── DATA ──
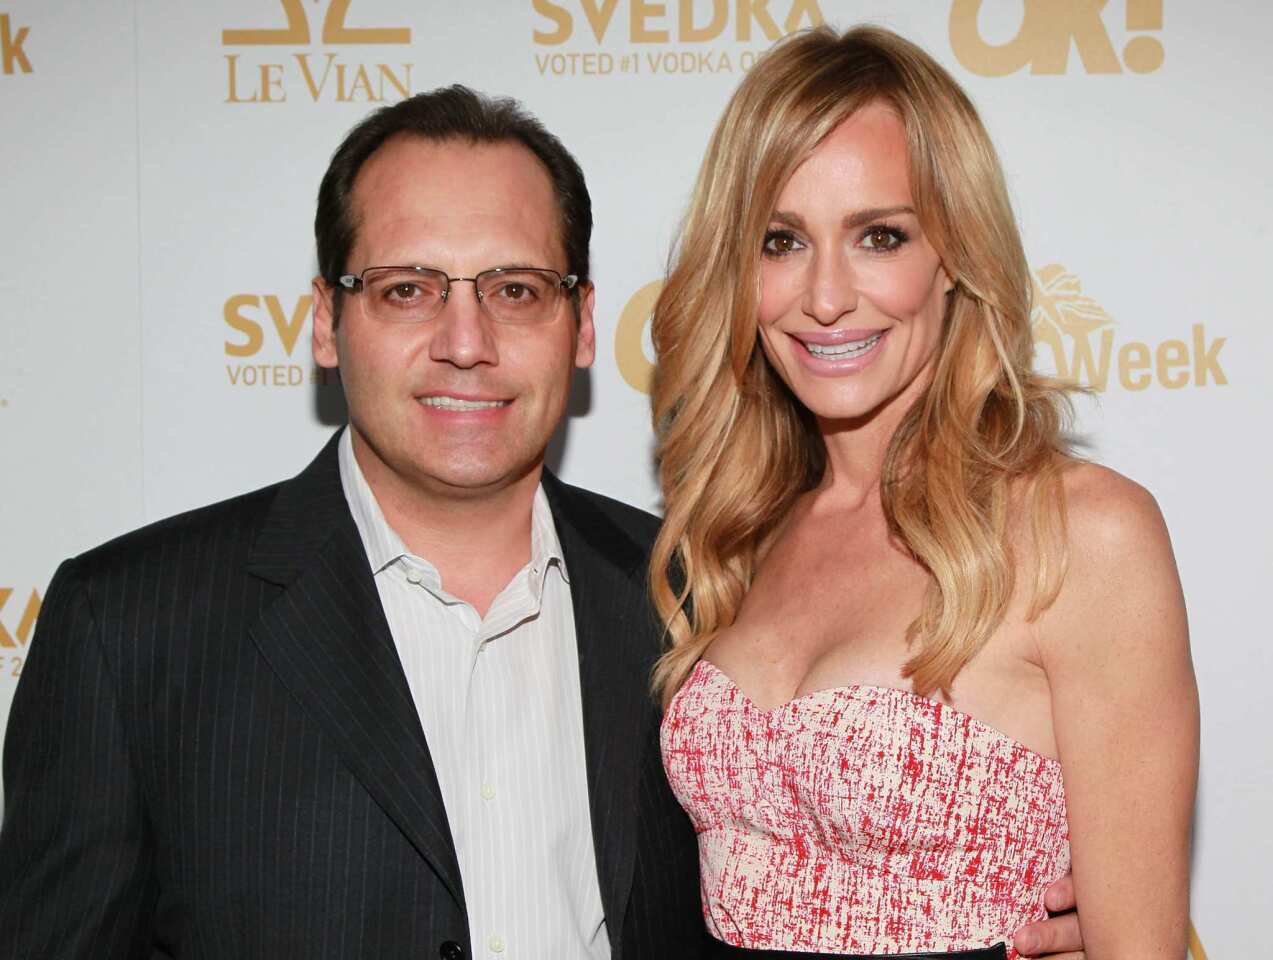 Taylor Armstrong's public mourning
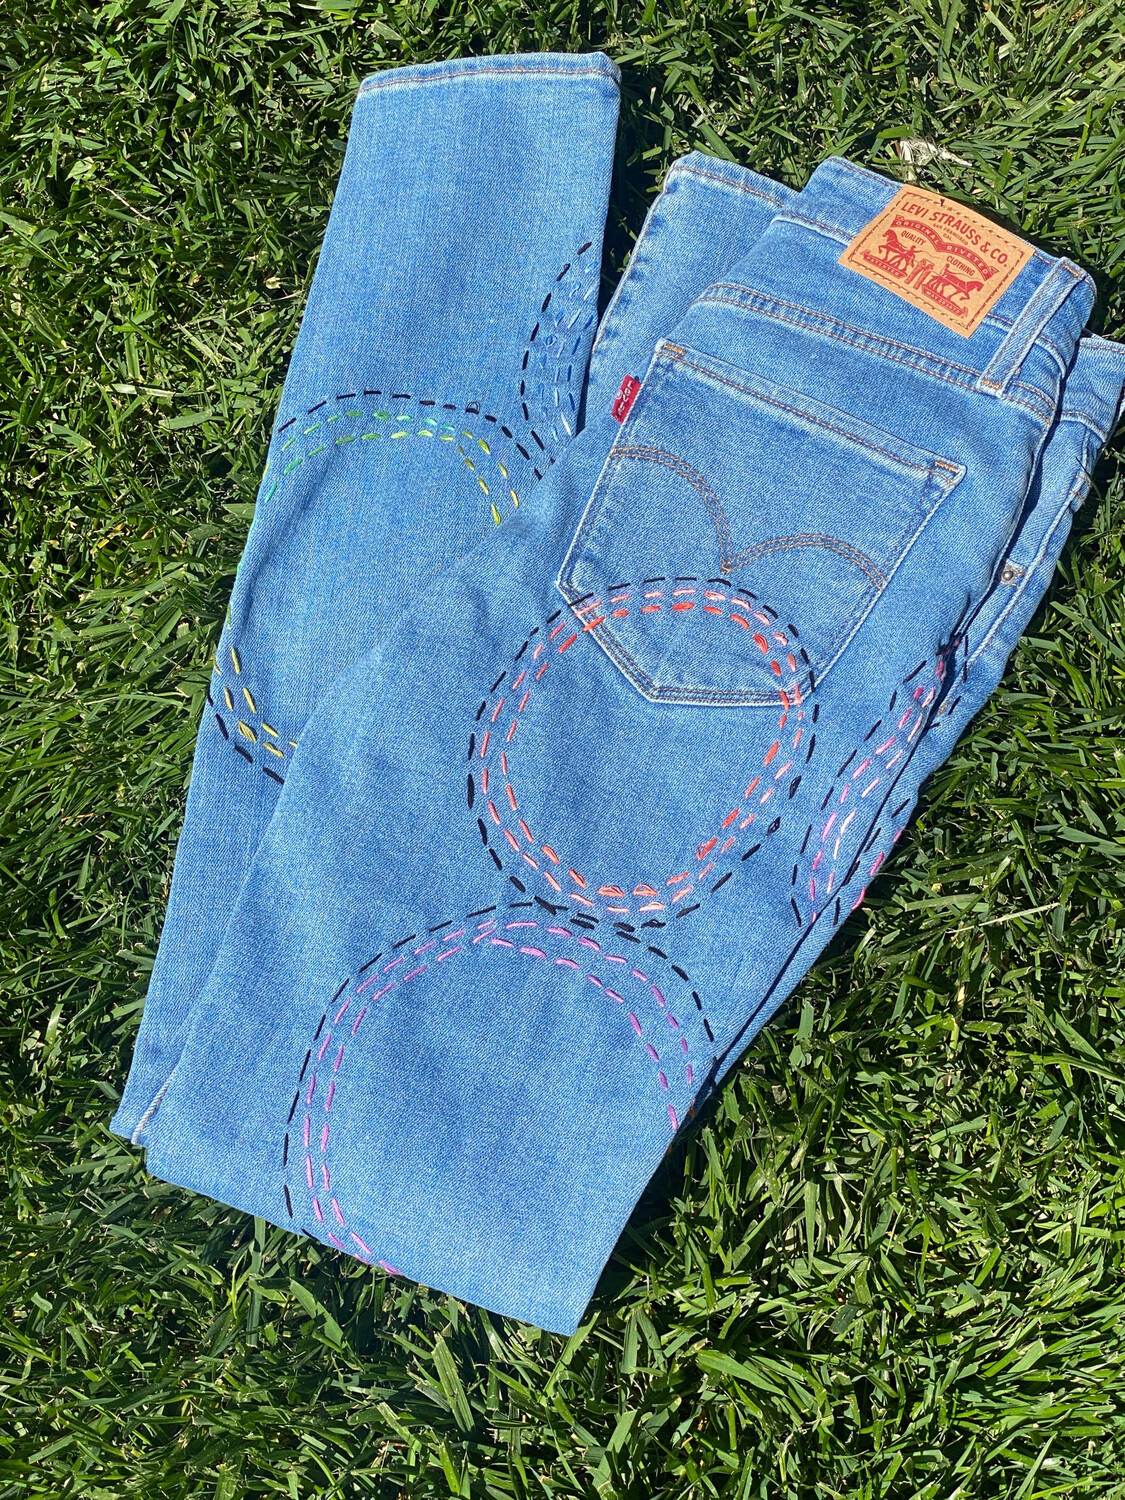 ESIAAM Levi's Embroidered "Free Spirit" Jeans 26 
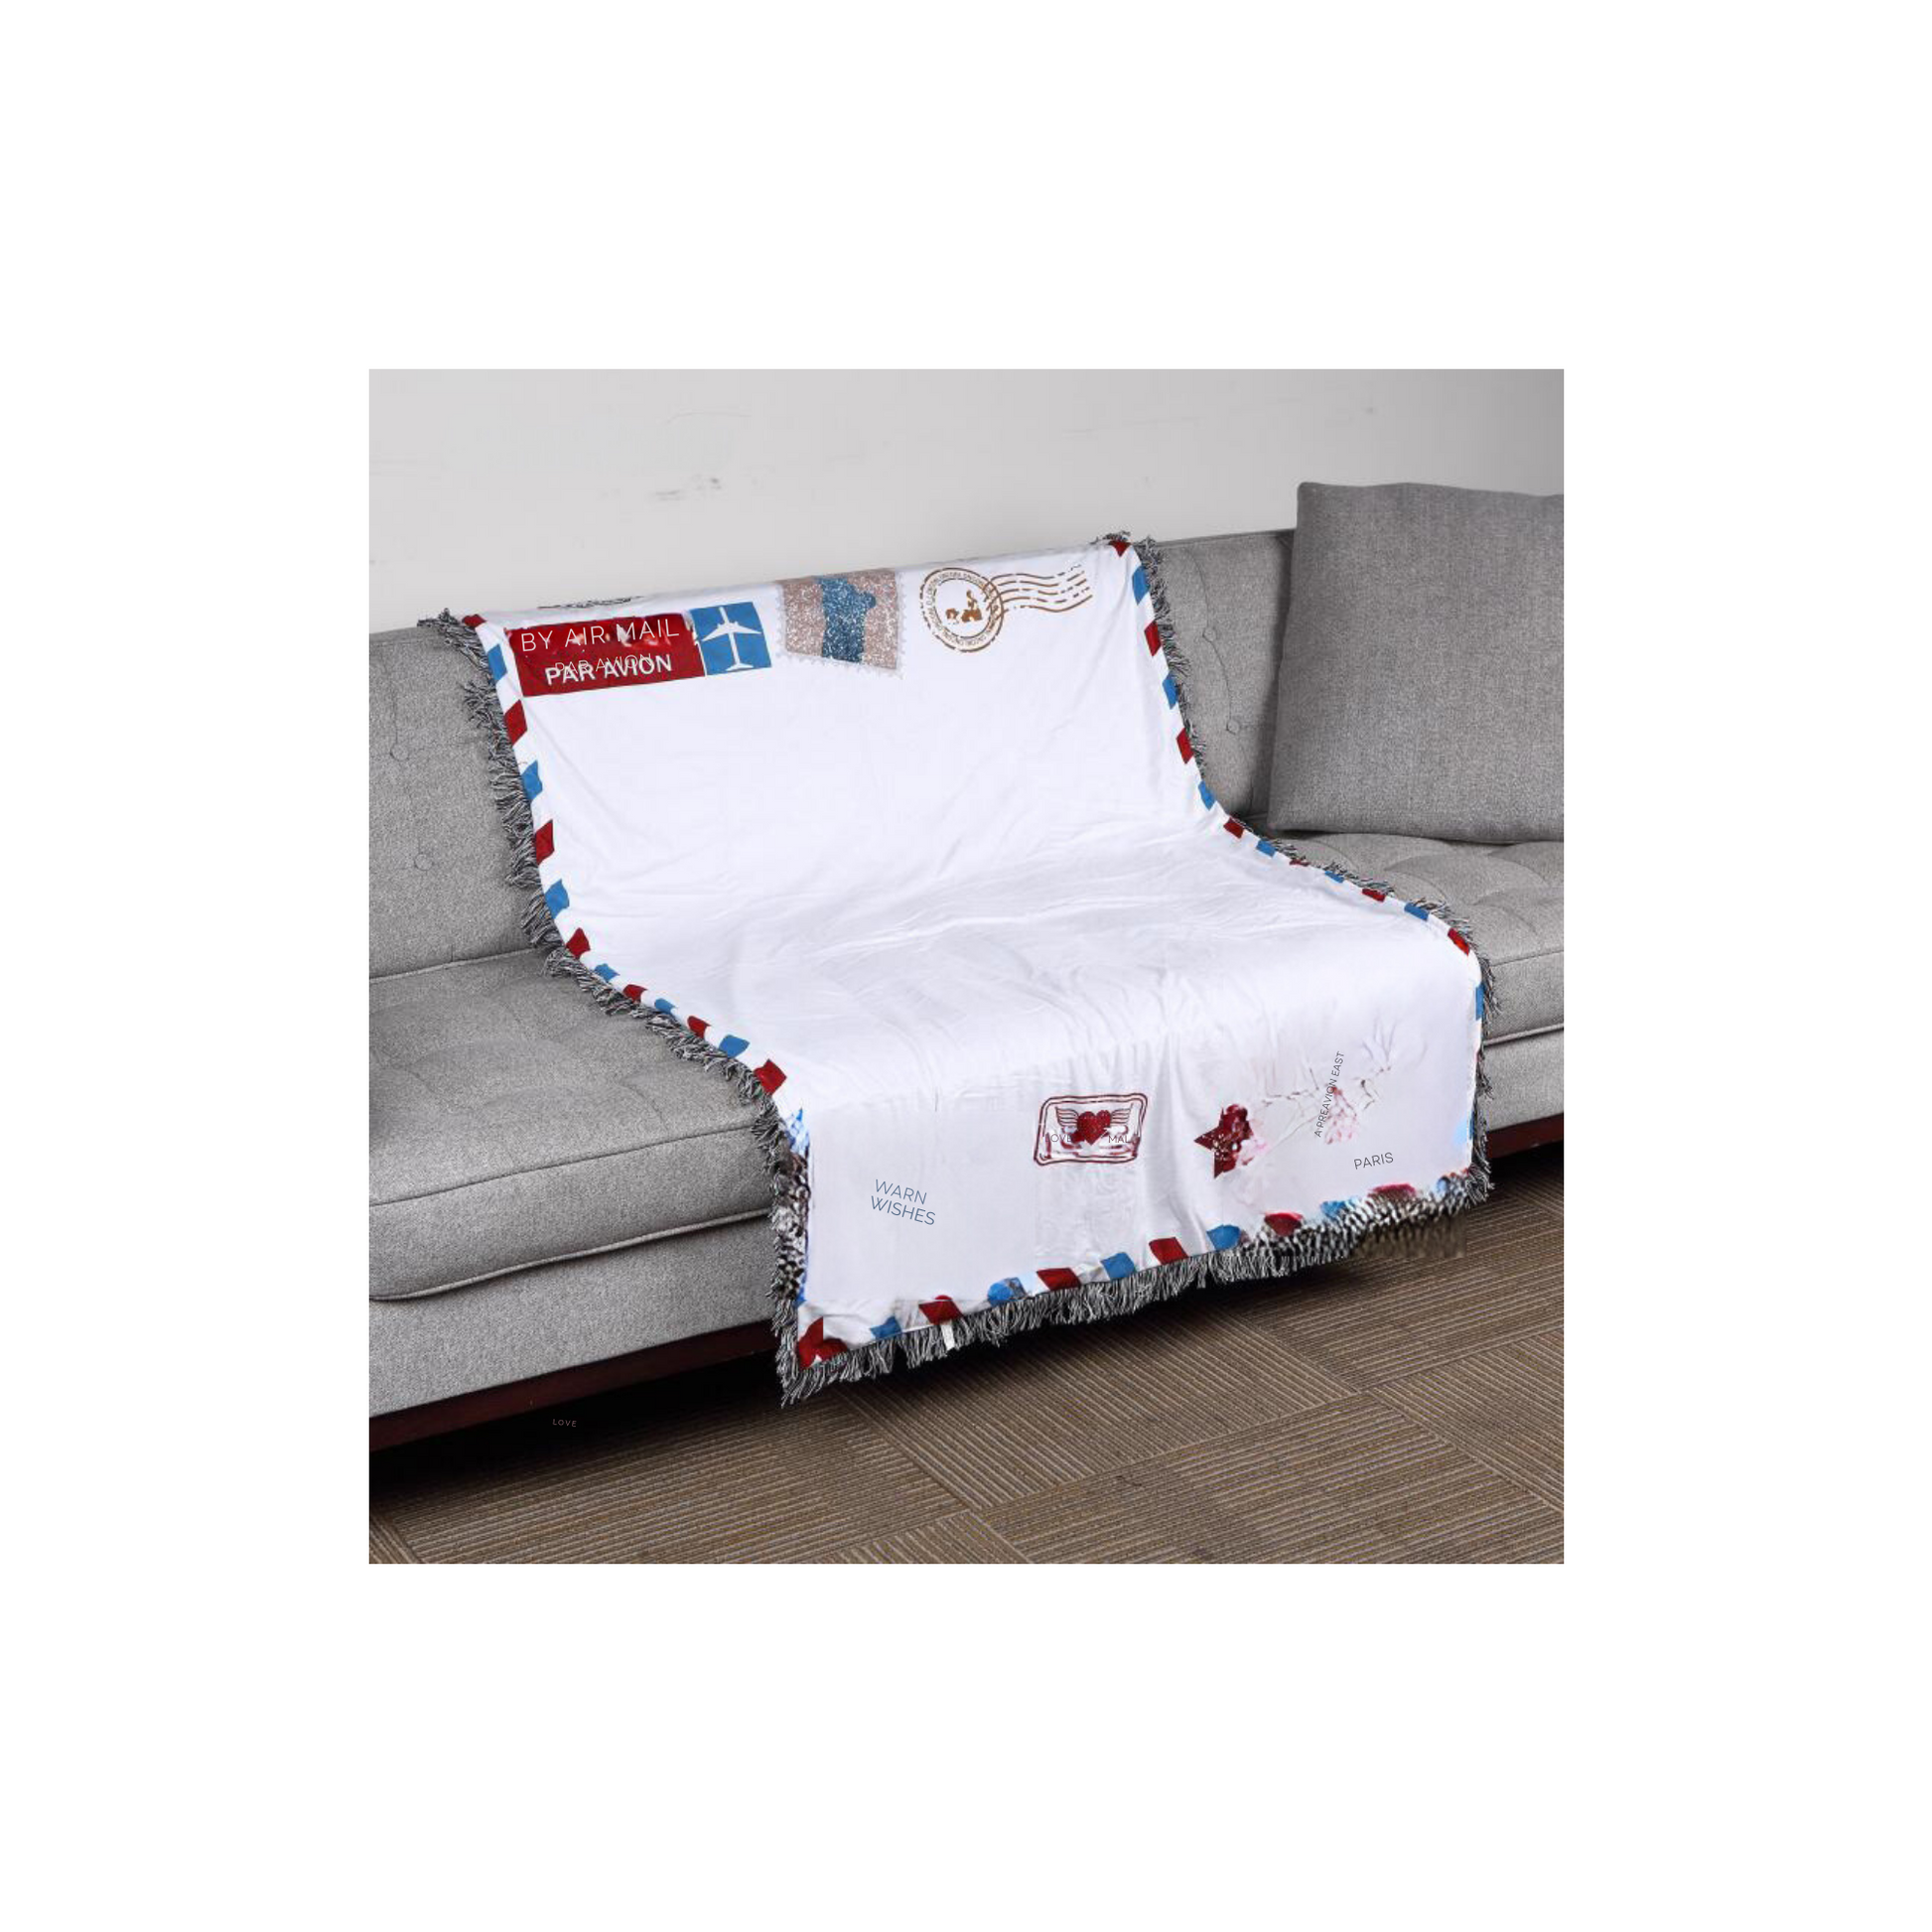 Blanket Sublimation 20 Panel (Cheetah and Sunflower Borders
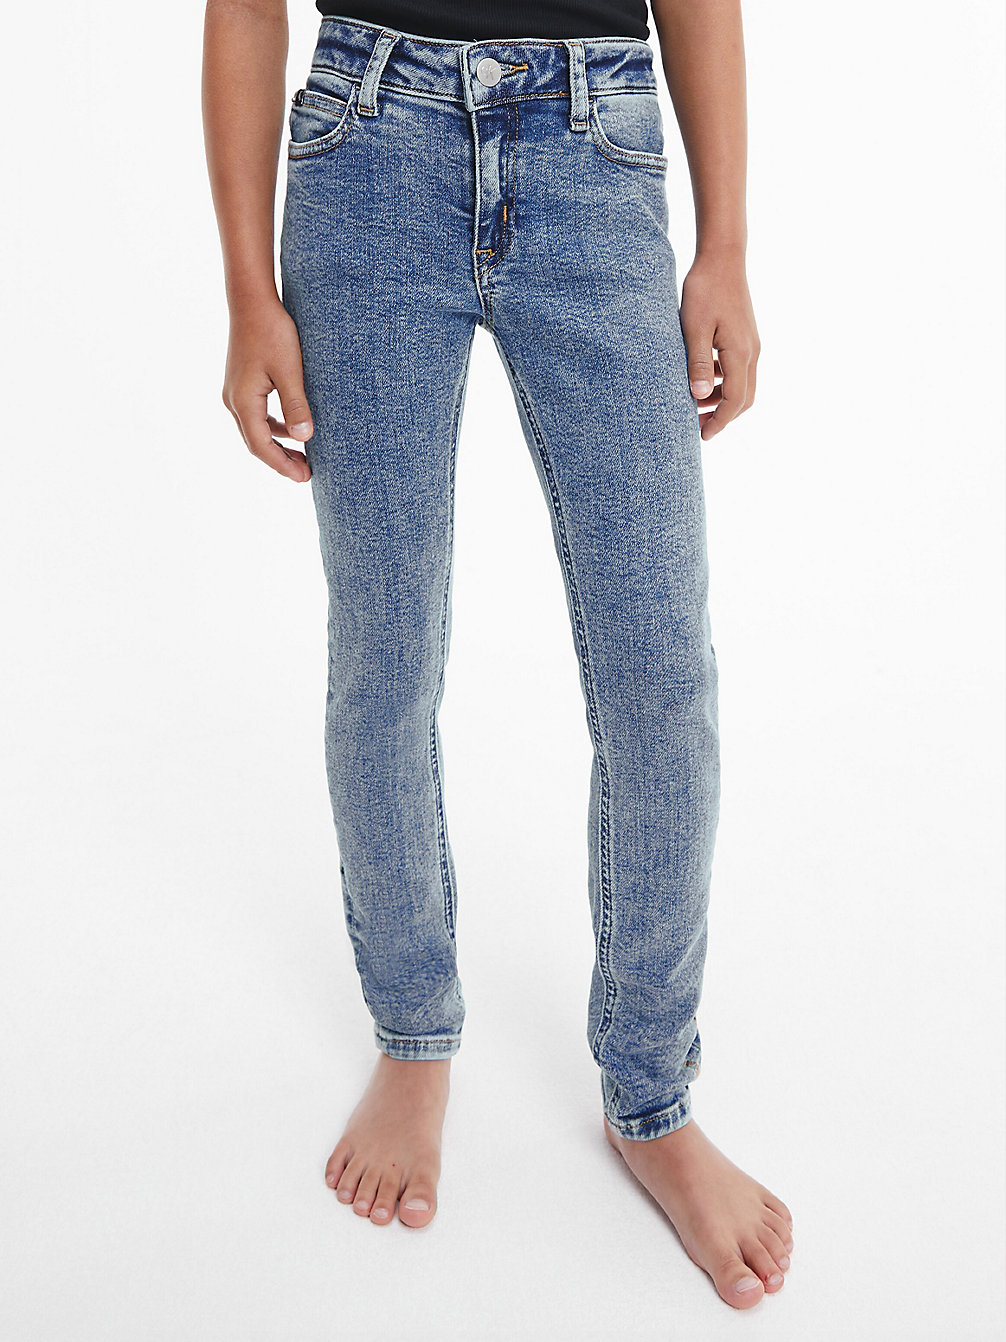 Mid Rise Skinny Jeans > STONE WASH MID BLUE > undefined girls > Calvin Klein
───
AIM OF THE TASK —
Please provide a faithful transcription of all the data, pictures excluded.

WRITTEN ANSWER —
 Taylor Armstrong's public mourning
 ESIAAM Levi's Embroidered "Free Spirit" Jeans 26 
 Blanket Sublimation 20 Panel (Cheetah and Sunflower Borders
 Mid Rise Skinny Jeans > STONE WASH MID BLUE > undefined girls > Calvin Klein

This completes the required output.